September 22, 2005
White Dies, But Cause Lives On
The living room grew more crowded by the minute as relatives and friends of the White family continued to arrive on this cold, overcast September morning in Cheviot Hills. More than two dozen people clutched siddurs and faced east, davening Shacharit at a few minutes past 7 a.m.
Like many tales of mourning, this story was not supposed to end this way -- or to end this soon. Judah White, the young doctor whose battle with cancer became a clarion call for adult stem cell donations, died this month at 39. White, an intensely private person, allowed his suffering to enter the public domain so people could realize that there is no moral controversy attached to adult stem cells, that adult stem cell donation is relatively painless and that these donations are desperately needed to save lives.
White's case now also stands out as an example of the unavoidable imperfection of medical treatments. He died despite getting an adult stem cell transfusion that doctors hoped would help save him.
"We thought he was really going to beat it," said his mother, Martha White, who spearheaded the public outreach both on behalf of her son and to raise awareness among potential donors. In each case, she hoped to address the acute shortage of Jewish donors.
As a result of her work and her son's own generosity, Judah White was profiled in a July 1 Jewish Journal cover story on the acute shortage of adult stem cell donors. He underwent a stem cell transplant at City of Hope in June, and the initial prognosis was good. Doctors suspect it was scarring on his lungs from cancer treatments that ultimately led to his decline and death.
During the traditional gathering at Martha White's house on that damp, unseasonably chilly morning, some mourners wore tefillin and tallit, while others eschewed a kippah altogether. What united them all was sorrow, but there also was a tinge of hope about the cause that Judah White and his mother took on.
"We think adult stem cells work," Martha White said. After the stem-cell transplant, "Judah had good white blood cell counts."

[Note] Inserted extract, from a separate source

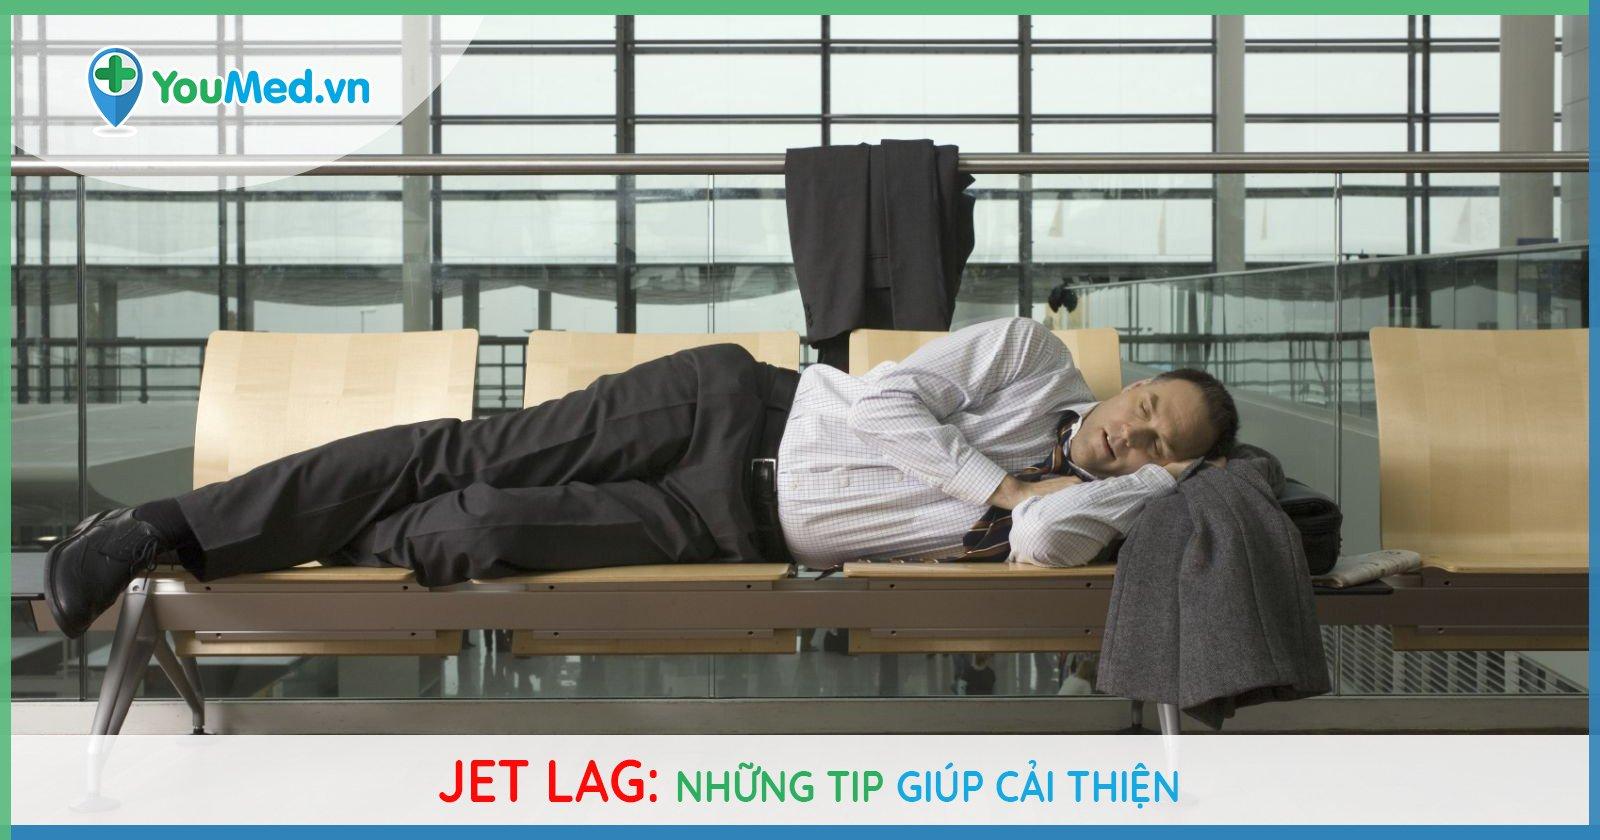 Jet lag: Những tip giúp cải thiện

A graduate of Tel Aviv University's Sackler Medical School, Judah White was a resident in internal medicine at Huntington Memorial Hospital in Pasadena when he was diagnosed with Hodgkin's lymphoma in February 2003.
In 2004, doctors tried to rebuild White's blood system with his own stem cells, which had been extracted and set aside before he underwent chemotherapy. But that procedure didn't work. His cancer came back later that year, just after Rosh Hashanah.
A shortage of Jewish adult stem cell donors was also working against him, so the White family held a stem cell donor drive earlier this year in hope of finding a good match. More than 200 people turned out, which inspired Martha White to consider expanding donor-screening efforts locally.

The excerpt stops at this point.